- [Directions] The whole listing, except its pictures, is to be repeated exactly.

- [Source material]
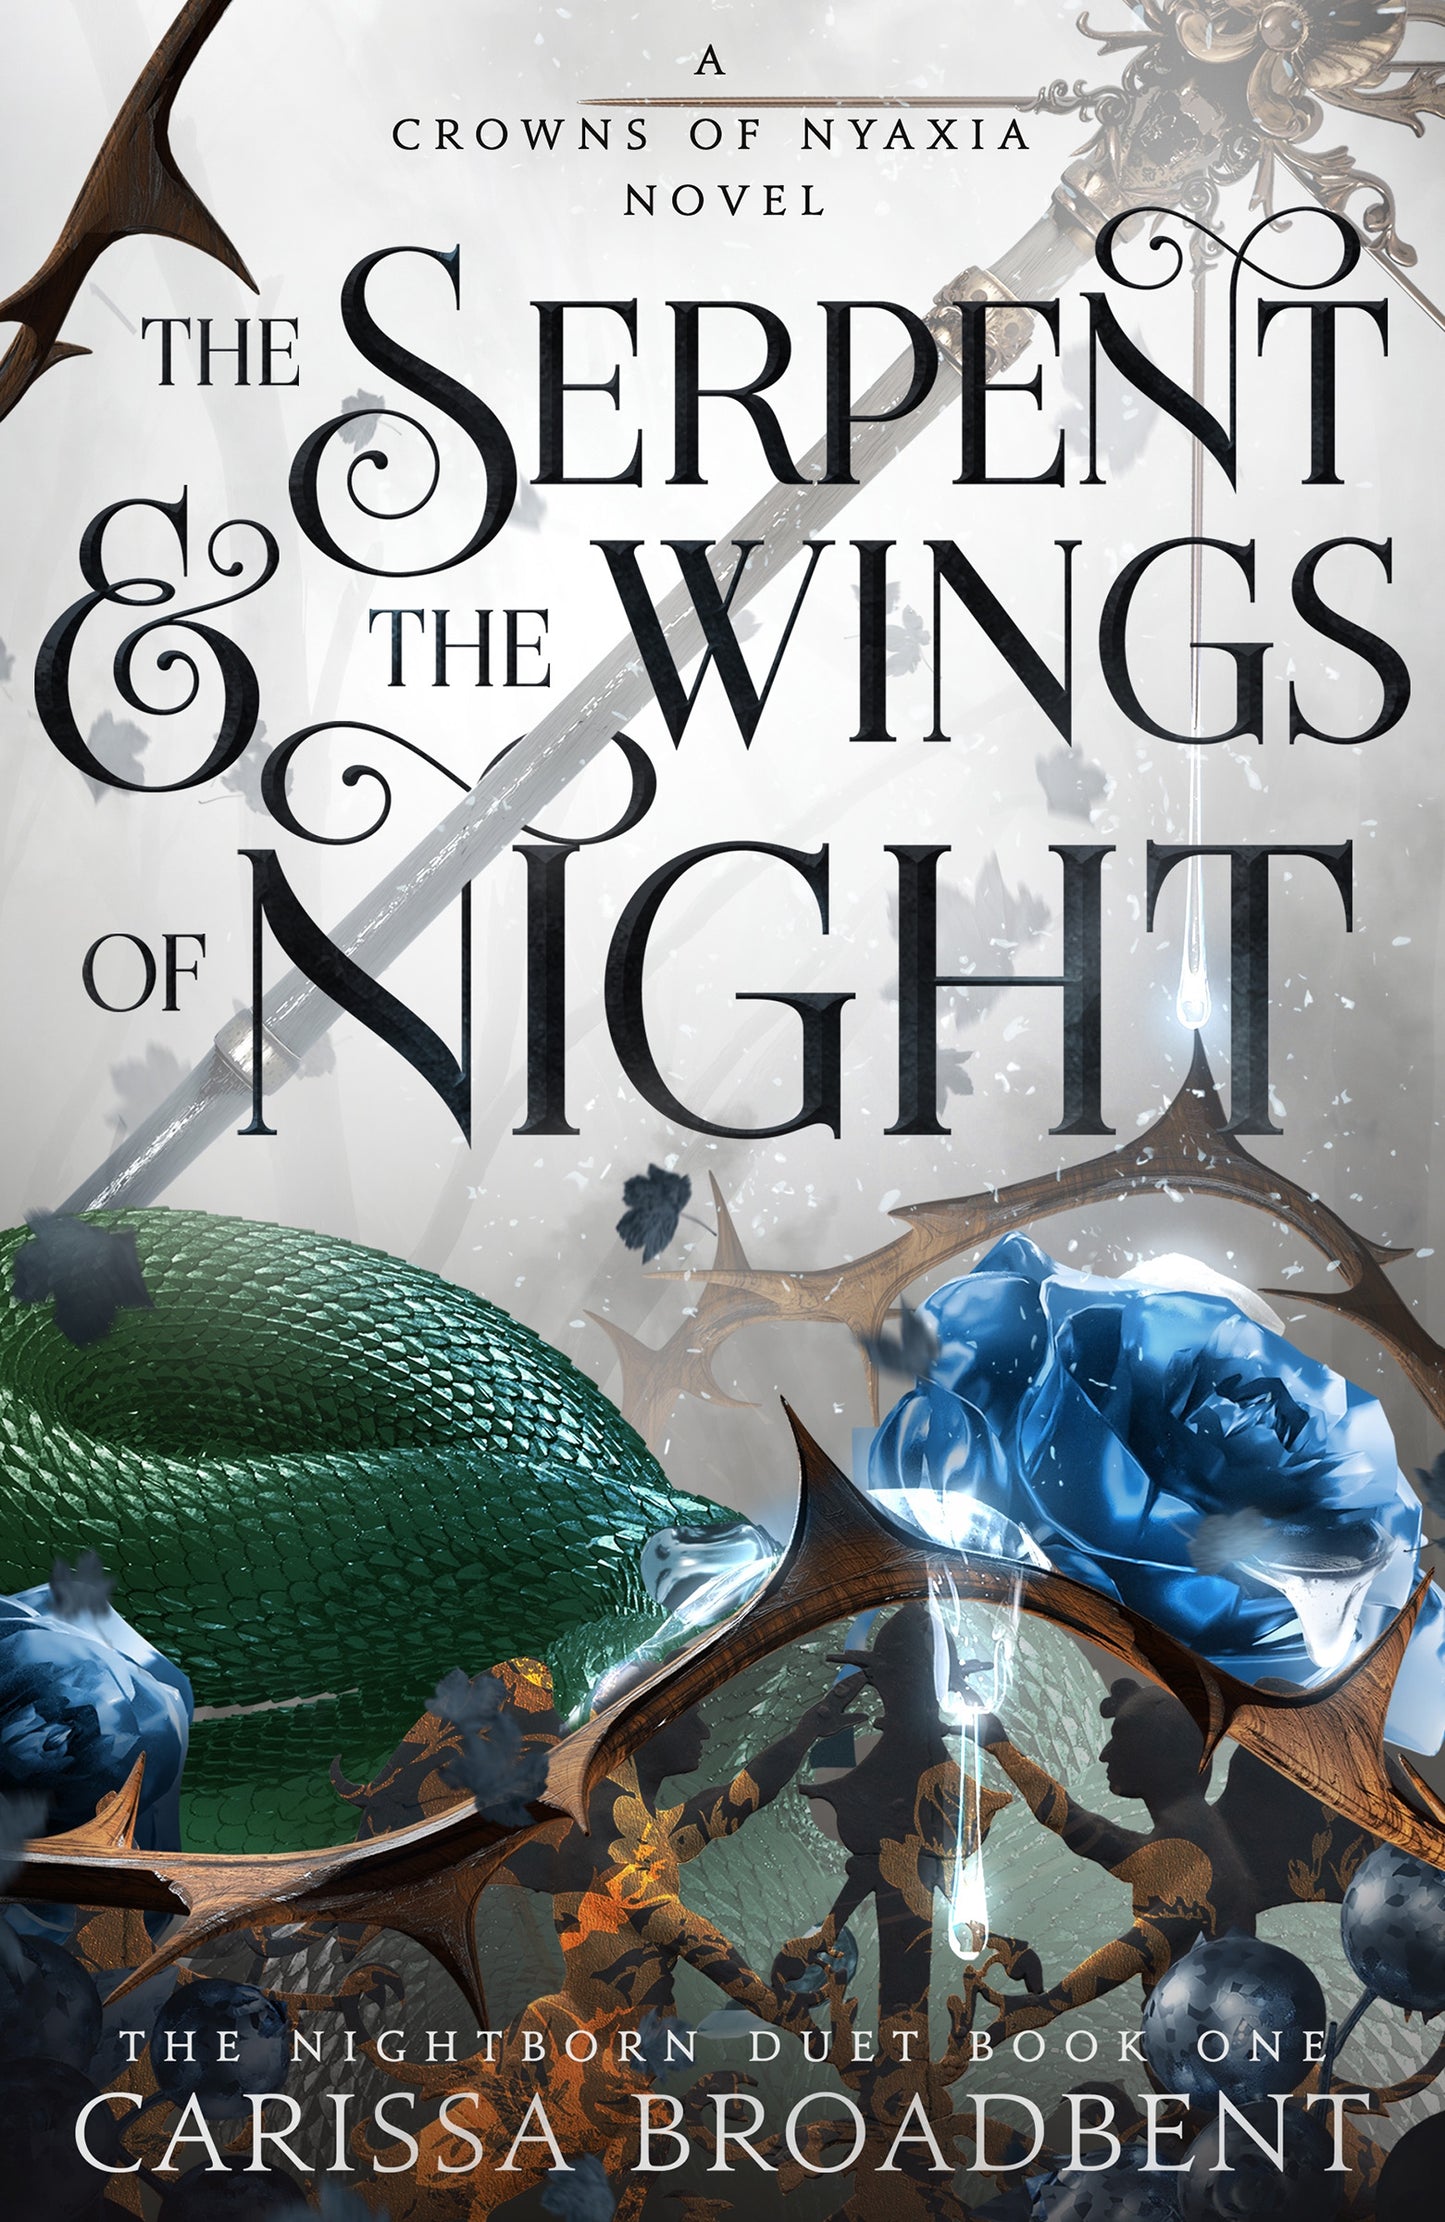 The Serpent and the Wings of Night: The Nightborn Duet, Book 1 (Crowns of Nyaxia #1)
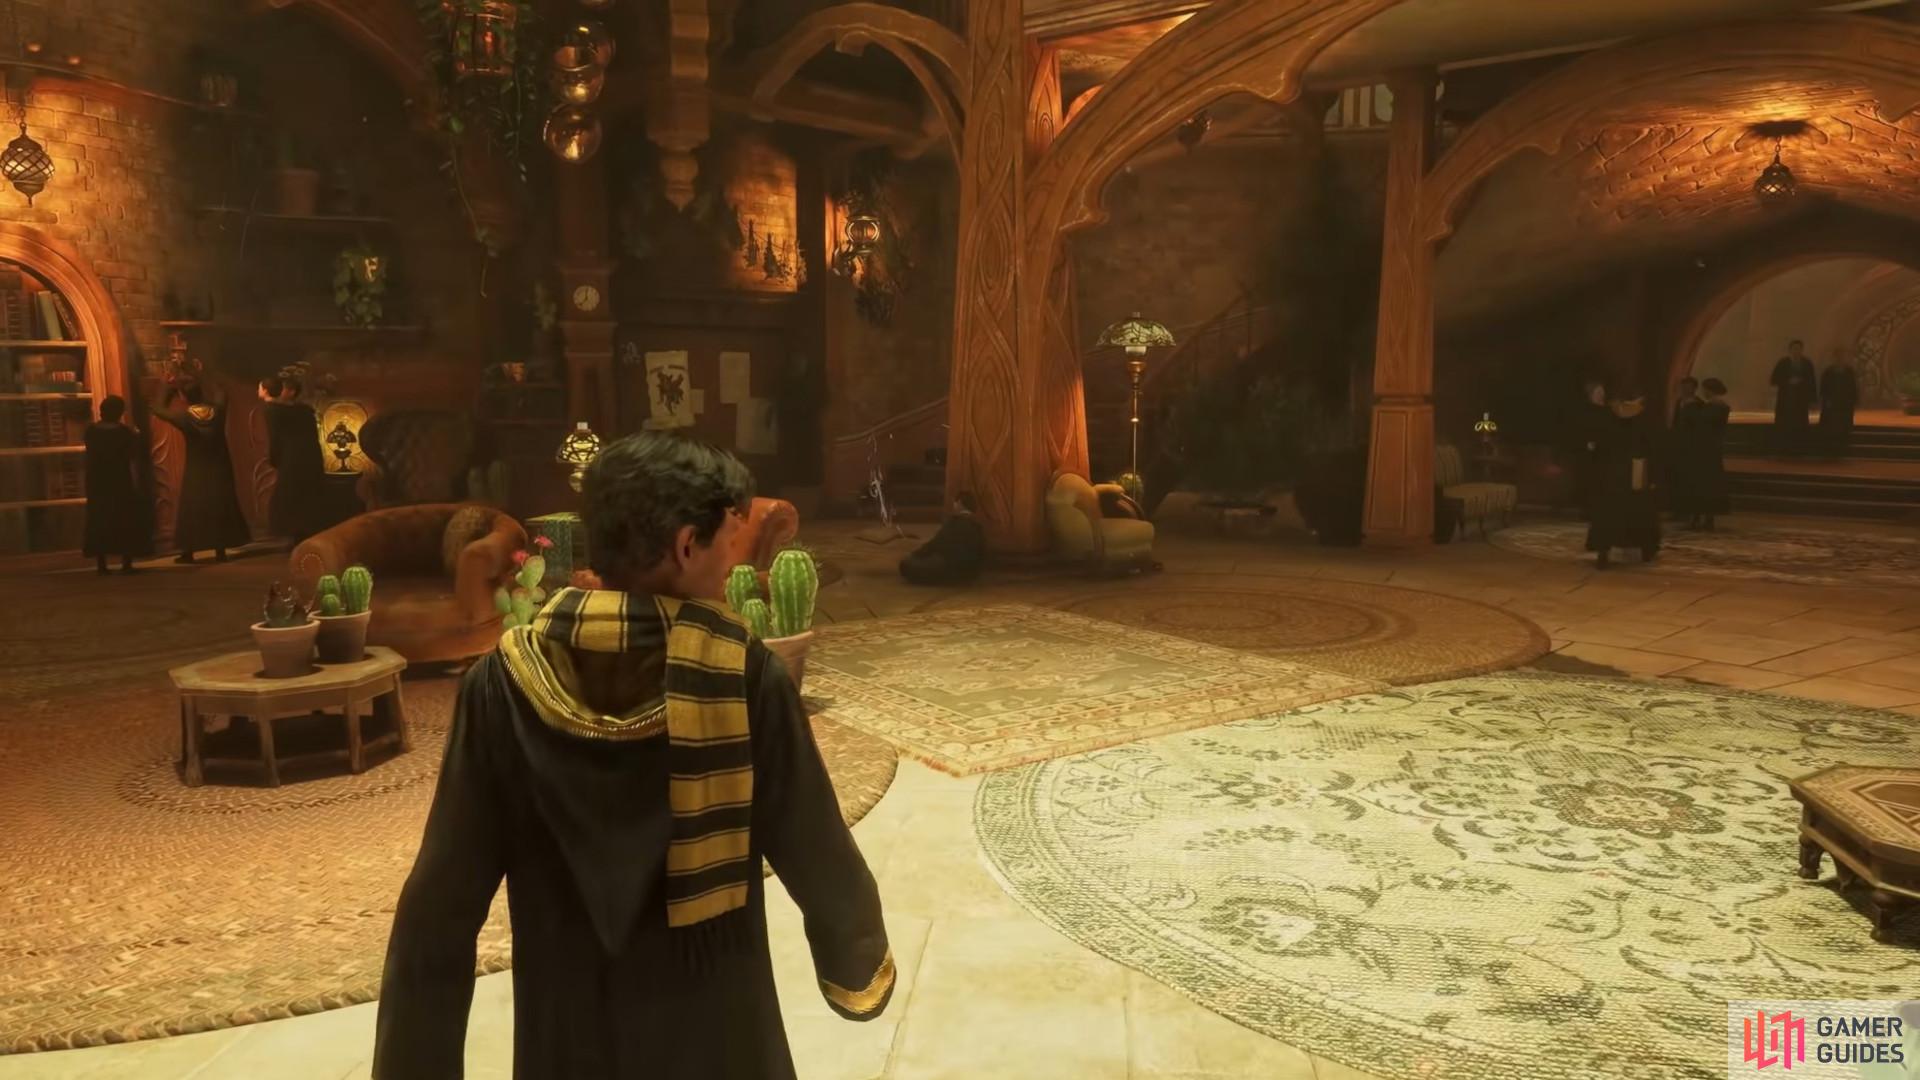 The Hogwarts Legacy Hufflepuff Common Room has a gilded and plant aesthetic. Image via Warner Brothers.
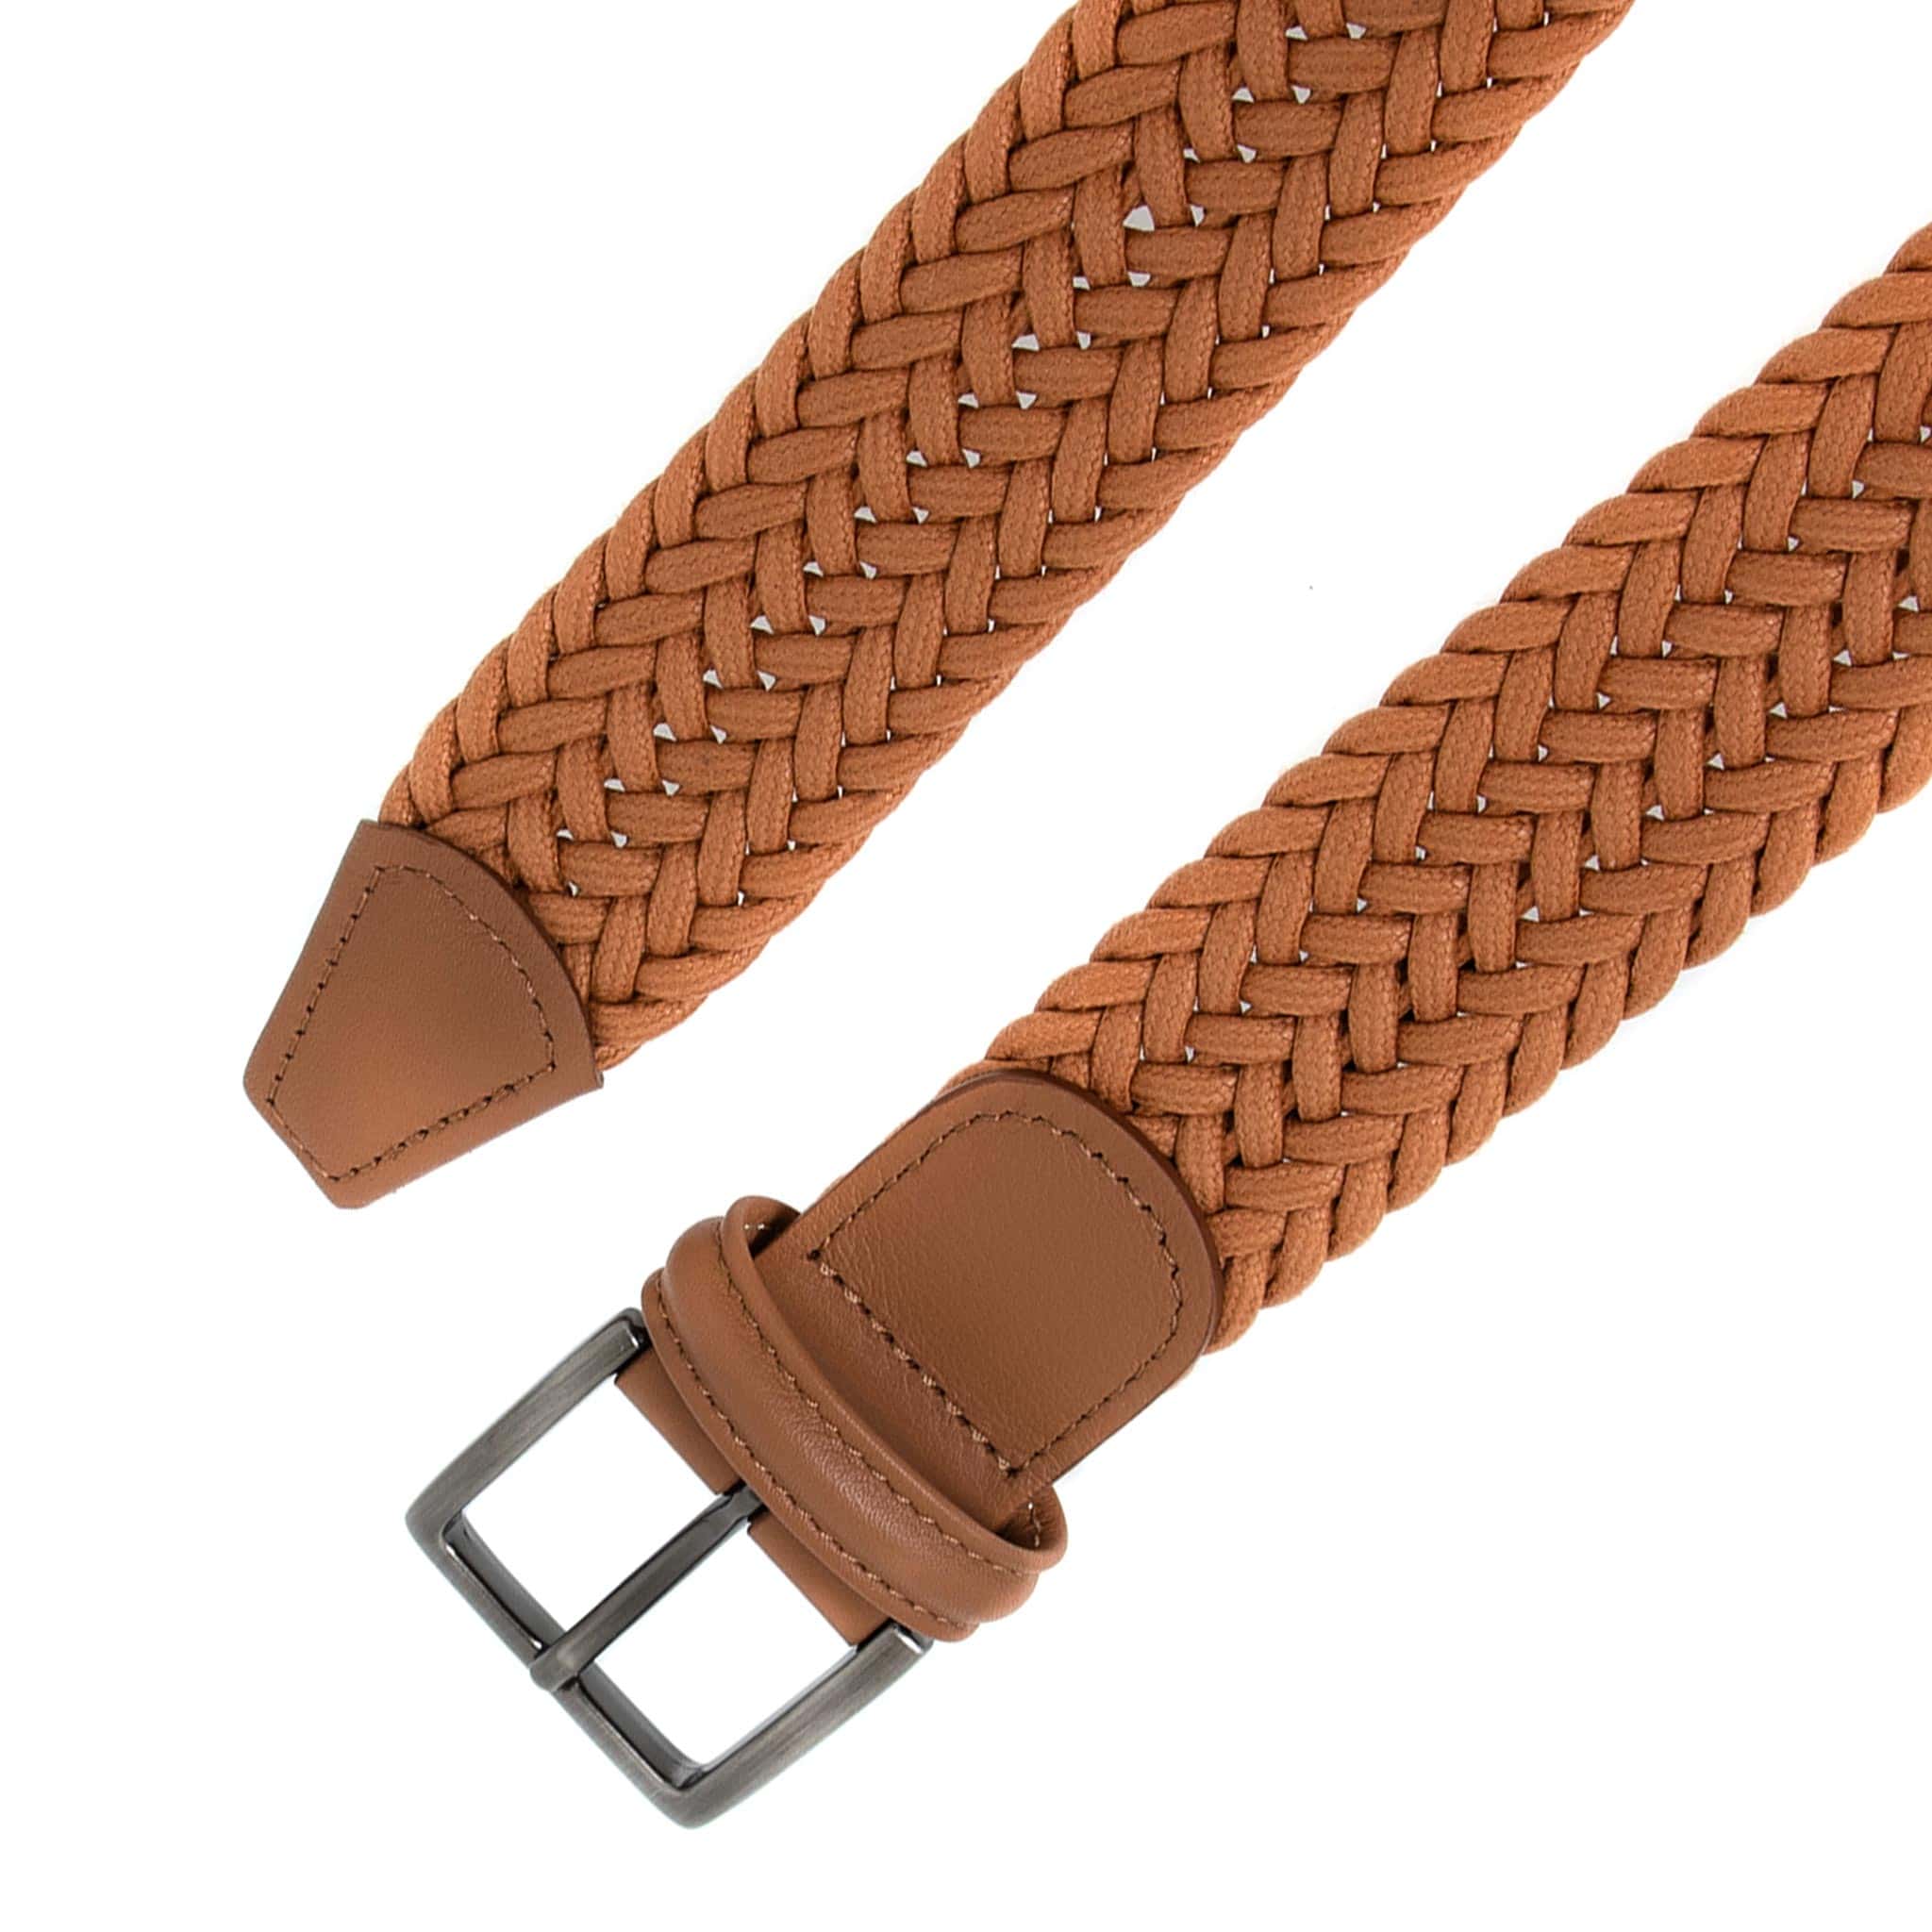 ANDERSONS CASUAL WOVEN WAXED COTTON BELT WITH NAPPA TRIMS B0667

- [Exercise response]
 The Serpent and the Wings of Night: The Nightborn Duet, Book 1 (Crowns of Nyaxia #1)
 The Hogwarts Legacy Hufflepuff Common Room has a gilded and plant aesthetic. Image via Warner Brothers.
 ANDERSONS CASUAL WOVEN WAXED COTTON BELT WITH NAPPA TRIMS B0667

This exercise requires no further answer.